By analyzing existing cross correlation between Virtus Nfj Large Cap and Financial Industries Fund, you can compare the effects of market volatilities on Virtus Nfj and Financial Industries and check how they will diversify away market risk if combined in the same portfolio for a given time horizon. You can also utilize pair trading strategies of matching a long position in Virtus Nfj with a short position of Financial Industries. Check out your portfolio center. Please also check ongoing floating volatility patterns of Virtus Nfj and Financial Industries.
Diversification Opportunities for Virtus Nfj and Financial Industries
0.88 | Correlation Coefficient |
Very poor diversification
The 3 months correlation between Virtus and Financial is 0.88. Overlapping area represents the amount of risk that can be diversified away by holding Virtus Nfj Large Cap and Financial Industries Fund in the same portfolio, assuming nothing else is changed. The correlation between historical prices or returns on Financial Industries and Virtus Nfj is a relative statistical measure of the degree to which these equity instruments tend to move together. The correlation coefficient measures the extent to which returns on Virtus Nfj Large Cap are associated (or correlated) with Financial Industries. Values of the correlation coefficient range from -1 to +1, where. The correlation of zero (0) is possible when the price movement of Financial Industries has no effect on the direction of Virtus Nfj i.e., Virtus Nfj and Financial Industries go up and down completely randomly.
Pair Corralation between Virtus Nfj and Financial Industries
Assuming the 90 days horizon Virtus Nfj is expected to generate 1.27 times less return on investment than Financial Industries.
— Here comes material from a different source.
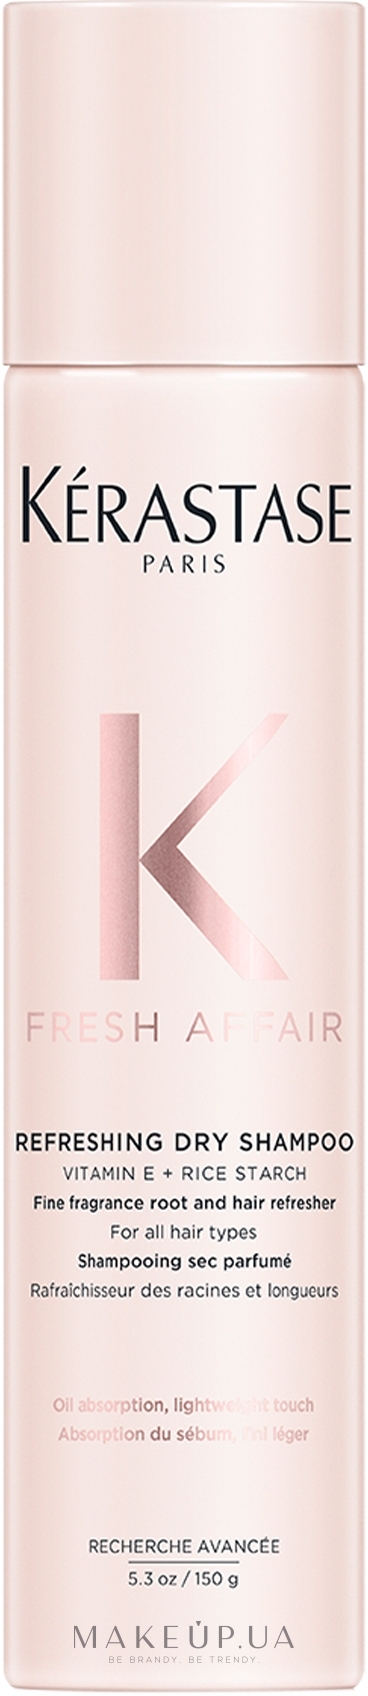 Освежающий сухой шампунь для волос - Kerastase Fresh Affair Dry Shampoo — фото 150g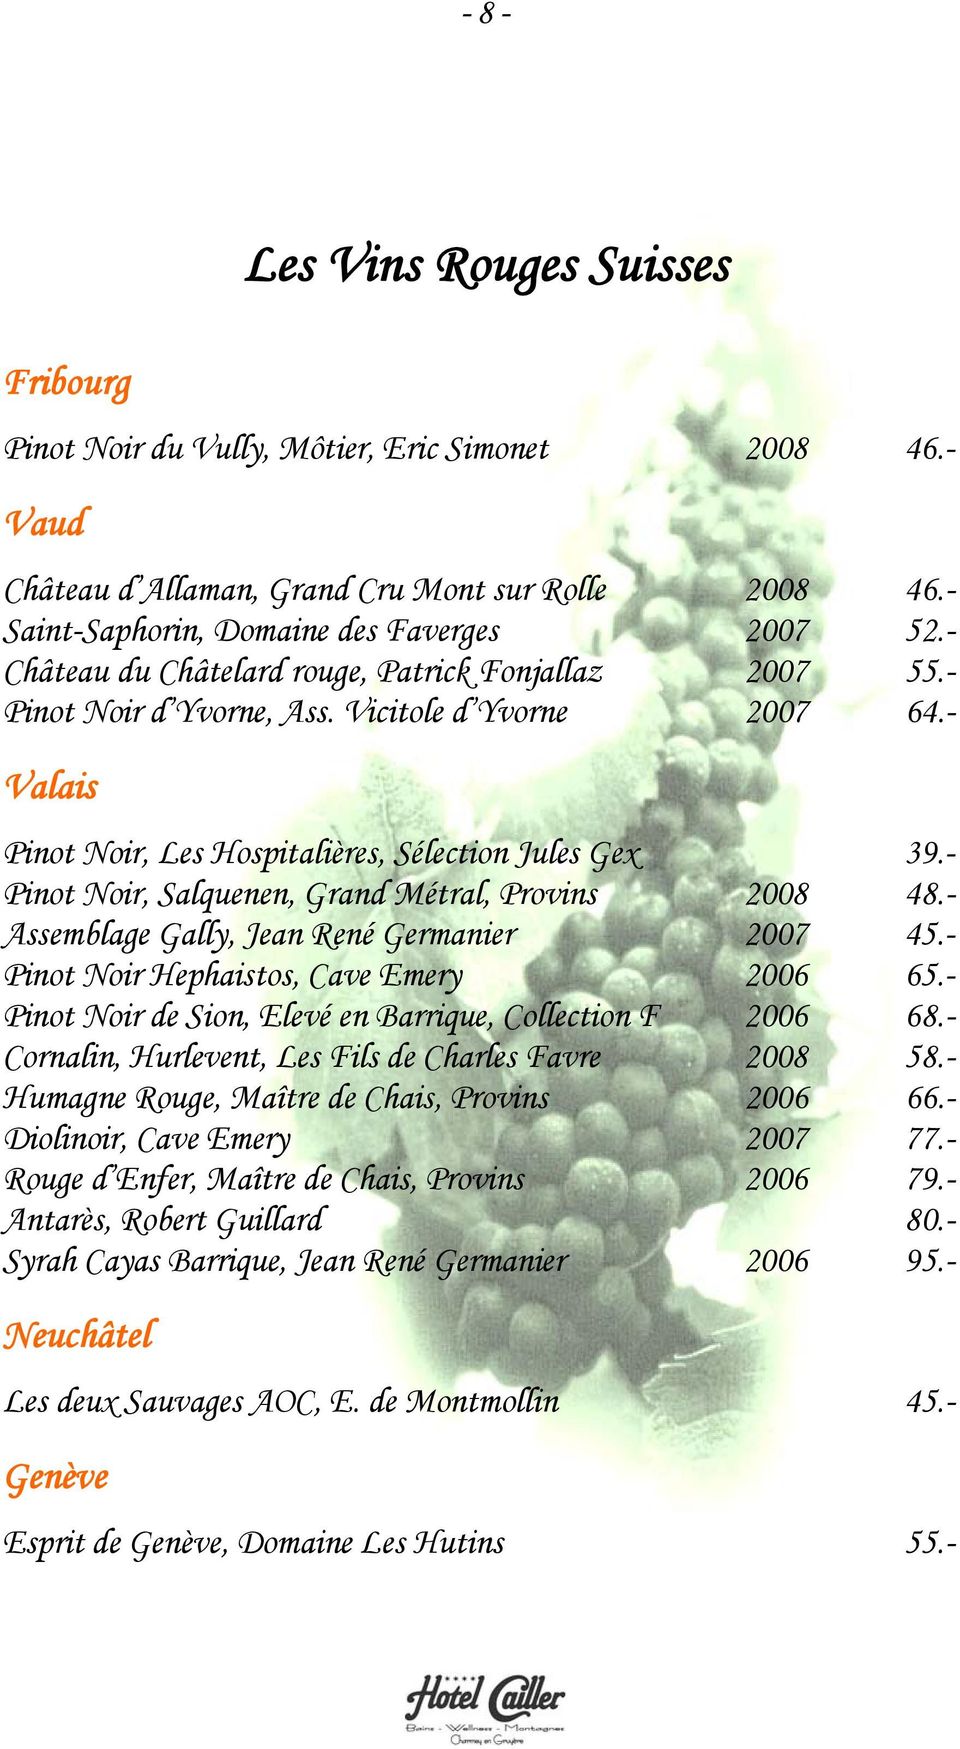 - Pinot Noir, Salquenen, Grand Métral, Provins 2008 48.- Assemblage Gally, Jean René Germanier 2007 45.- Pinot Noir Hephaistos, Cave Emery 2006 65.

But when comparing it to its historical volatility, Virtus Nfj Large Cap is 1.24 times less risky than Financial Industries. It trades about 0.07 of its potential returns per unit of risk. Financial Industries Fund is currently generating about 0.07 of returns per unit of risk over similar time horizon. If you would invest 1,456 in Financial Industries Fund on September 14, 2024 and sell it today you would earn a total of 593.00 from holding Financial Industries Fund or generate 40.73% return on investment over 90 days.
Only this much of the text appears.